Asthma is a chronic disease which can have symptoms and repeated flare-ups for a long time. Many people with asthma need life-long treatment to control symptoms. However, appropriate treatment can help to control symptoms effectively and can prevent repeated acute attacks. Read to know more on how to treat asthma attack and what you can do to make it better.
Current treatment aims to control the symptoms of asthma and limit repeated acute attacks or flare-ups. Appropriate treatment and preventive measures can help you to avoid or reduce your visits to your healthcare provider or the emergency department. There are two types of medications given for control of symptoms; quick-relief medications and long term control medications.
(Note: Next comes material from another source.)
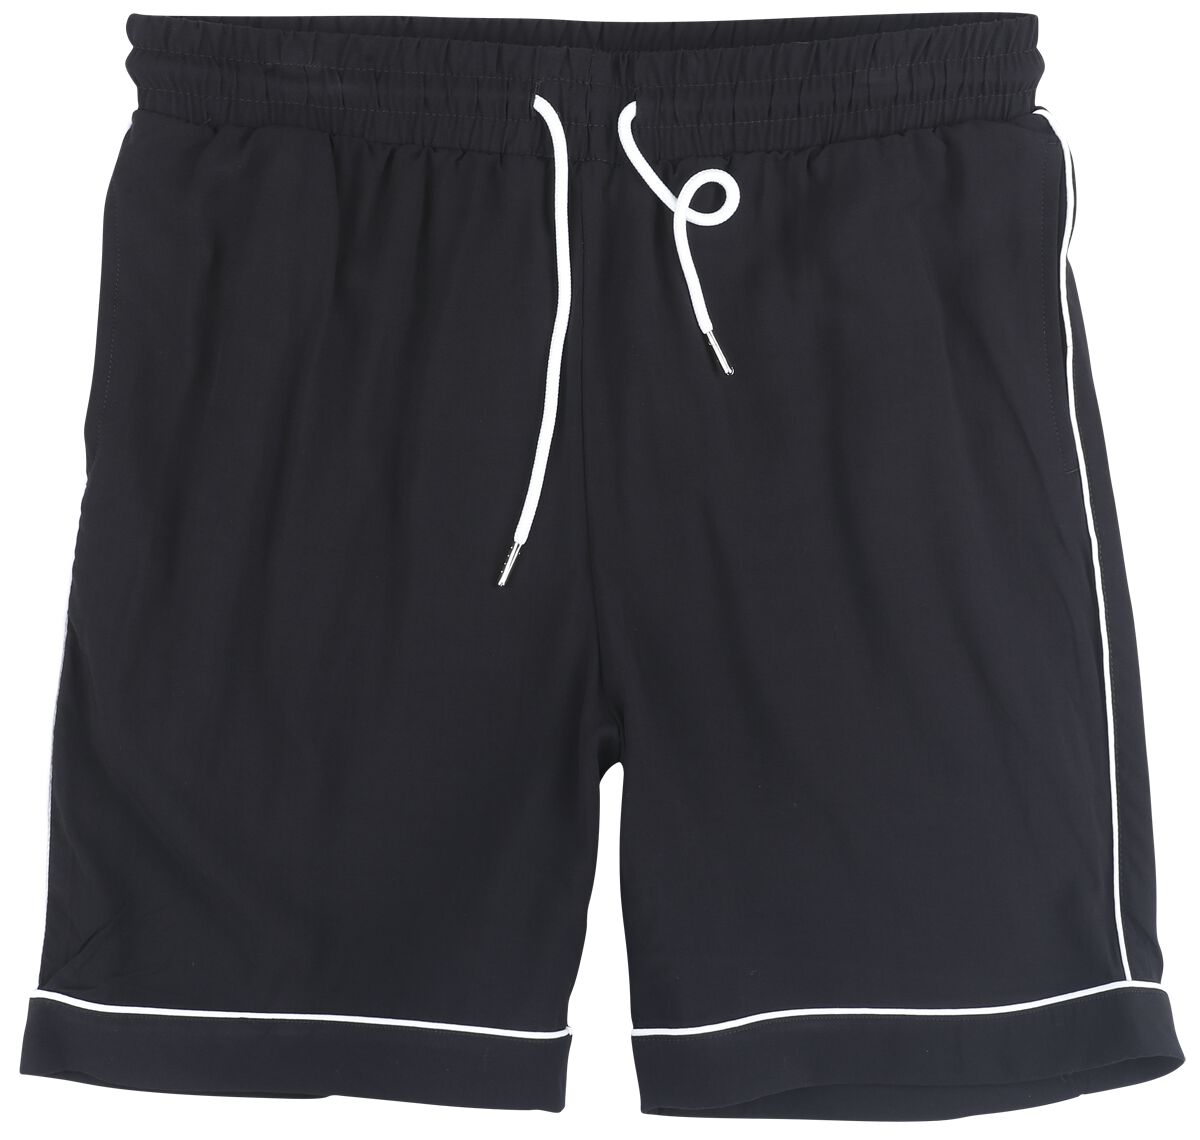 Urban Classics Short - Bowling Shorts - S bis 3XL - für Männer - Größe S - schwarz
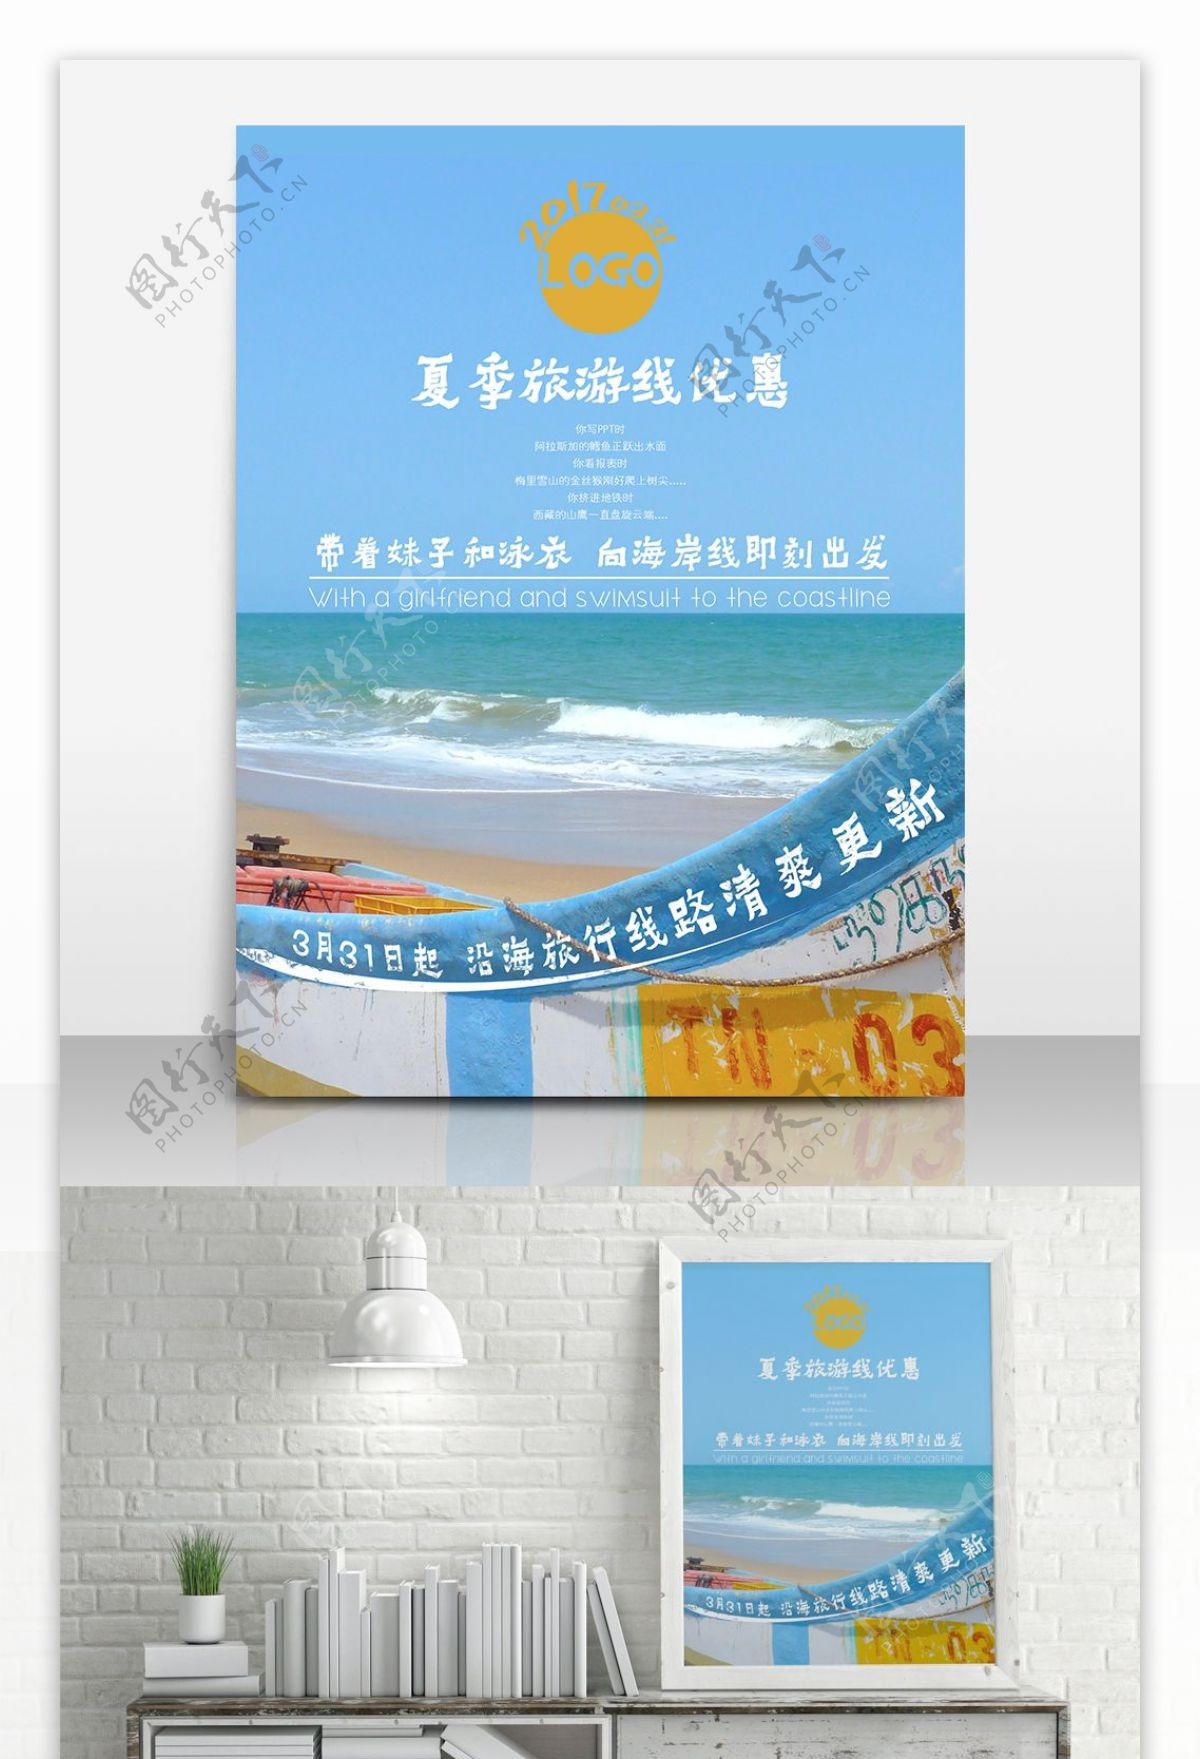 夏季旅游清爽蓝天白云沙滩帆船旅行社海报

Inhaled corticosteroids, long acting 2agonists, cromolyn sodium and nedocromil sodium, and anti-leukotriene agents (montelukast and zafirlukast) are the commonly prescribed controller medicines.
Short-acting inhaled or oral beta2 agonists, short-course of oral corticosteroids or anticholinergics-ipratropium are used as quick relief medicines or rescue medications. These are taken during an acute asthma attack and are not meant to be used in place of controller drugs. Use of controller medicines should not be stopped during an asthma attack.
Medications (long-term control medications and quick relief medicines) can effectively control asthma symptoms, but in addition to the medicines you should be aware of your asthma triggers and do what you can to avoid them.